A fresh storyline turns northward where Tom must address the growing threat of the Kobalos incursion. The first book in a planned trilogy, A New Darkness provides a skillful lead-in from the Wardstone Chronicles, introducing us to the returning characters and summarizing the groundwork laid in the original thirteen-novel series.

The big change in this book is that Tom is no longer an apprentice. But since the series is all about “The Spook’s Apprentice,” Tom will need a companion to fight the dark. Enter Jenny,
the seventh daughter of a seventh daughter who wants Tom to be her mentor… but he’s only just gotten the promotion himself and still has a lot to learn. Like a supplicant to a Zen Buddhist temple, she is told to go away three times, but is still there in the morning. So Tom decides to give her a try. He takes her to the haunted house where he himself was once tested by John Gregory.

She runs away.

The blood of the Samhadre runs through the veins of our family… They are the Old Ones, daughter– those beings who walked the earth while humans were no better than animals who sat in their own excrement… You will inherit some small part of what they were.

She later reveals that it wasn’t fear of the ghosts that drove her away, but one of her special gifts, an intense emotional empathy. She has the blood of the ancient ones, and her unique gifts include not only the ability to speak with dead people, but virtual invisibility from trackers, an opposite to Tom’s skill for locating people.

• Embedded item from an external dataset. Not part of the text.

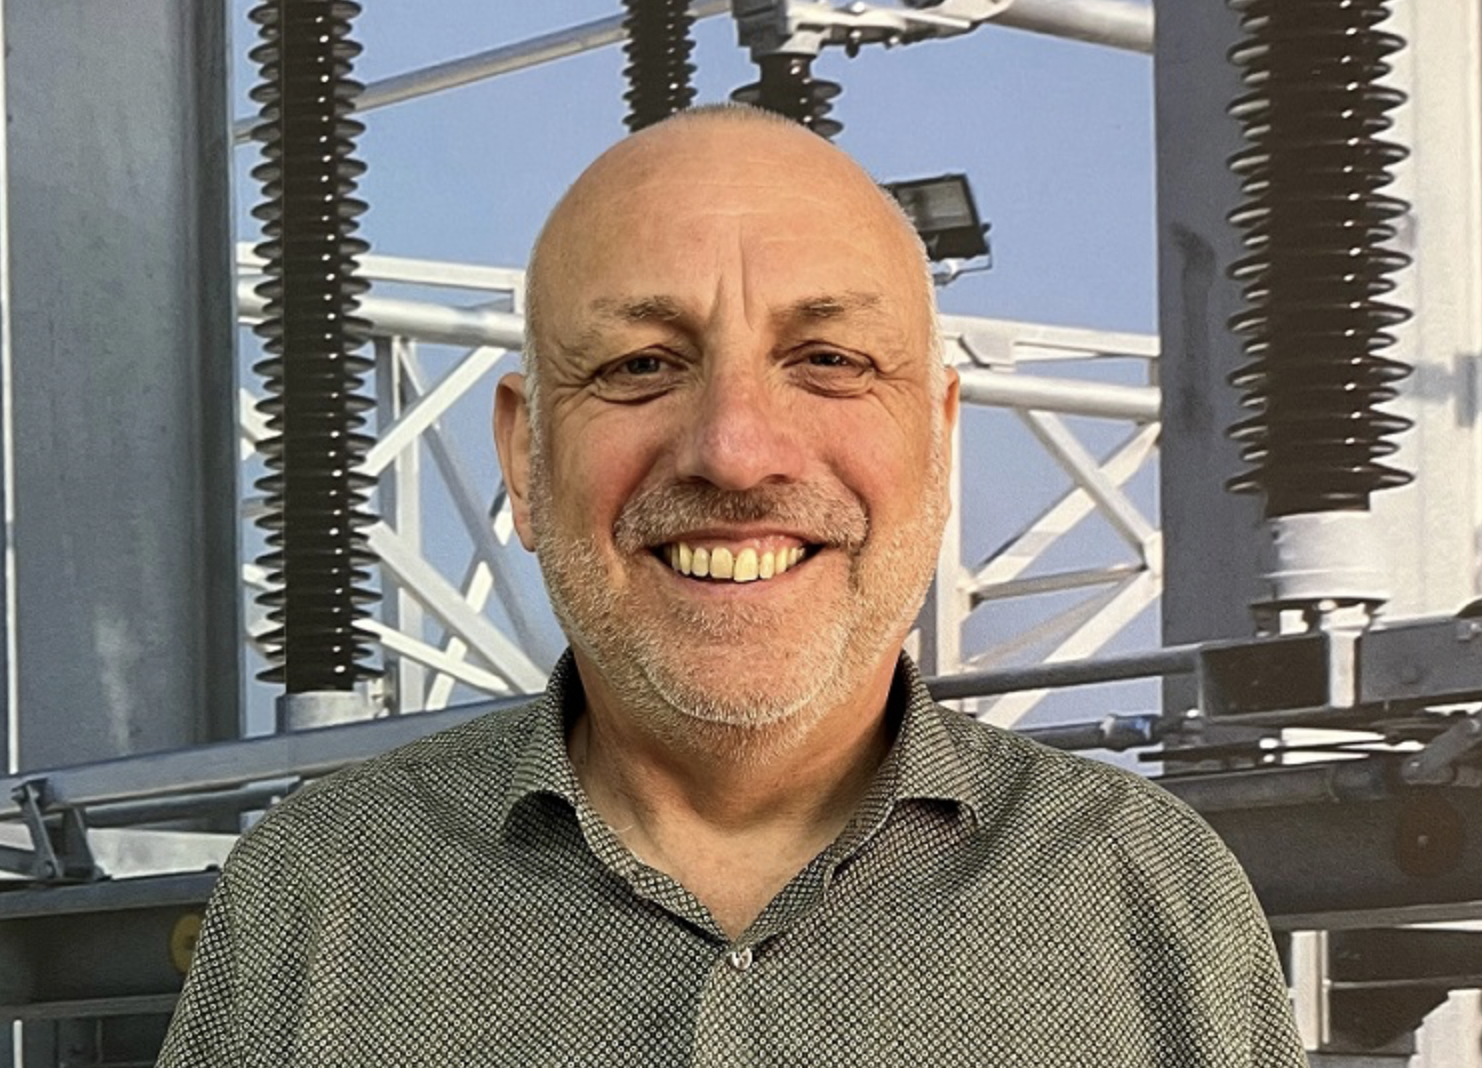 Electrical engineering firm Smith Brothers welcomes operations manager

Jennie is only two years younger than Tom, which begs the question of their relationship. Will there be romance? What would Alice think?

Delaney switches to Jenny’s perspective to tell the story of how she, an orphan, finally met her birth mother and learned of her magical inheritance. Jenny then conveys her version of what happened when she accompanied Tom to deal with a witch and her pet “thumper” (part elemental spirit and part spell), a first professional encounter with the Dark.

I’ll take your bones! I’ll gouge out your eyes! I’ll drink your blood! I’ll flay you slowly until you scream and writhe. I’ll strip the meat from your skinny ribs and boil up your brains to make a broth! You’re mine, young spook! I’ve a use for every tasty inch of you, and the soft flesh of the girl will be my sweet desert!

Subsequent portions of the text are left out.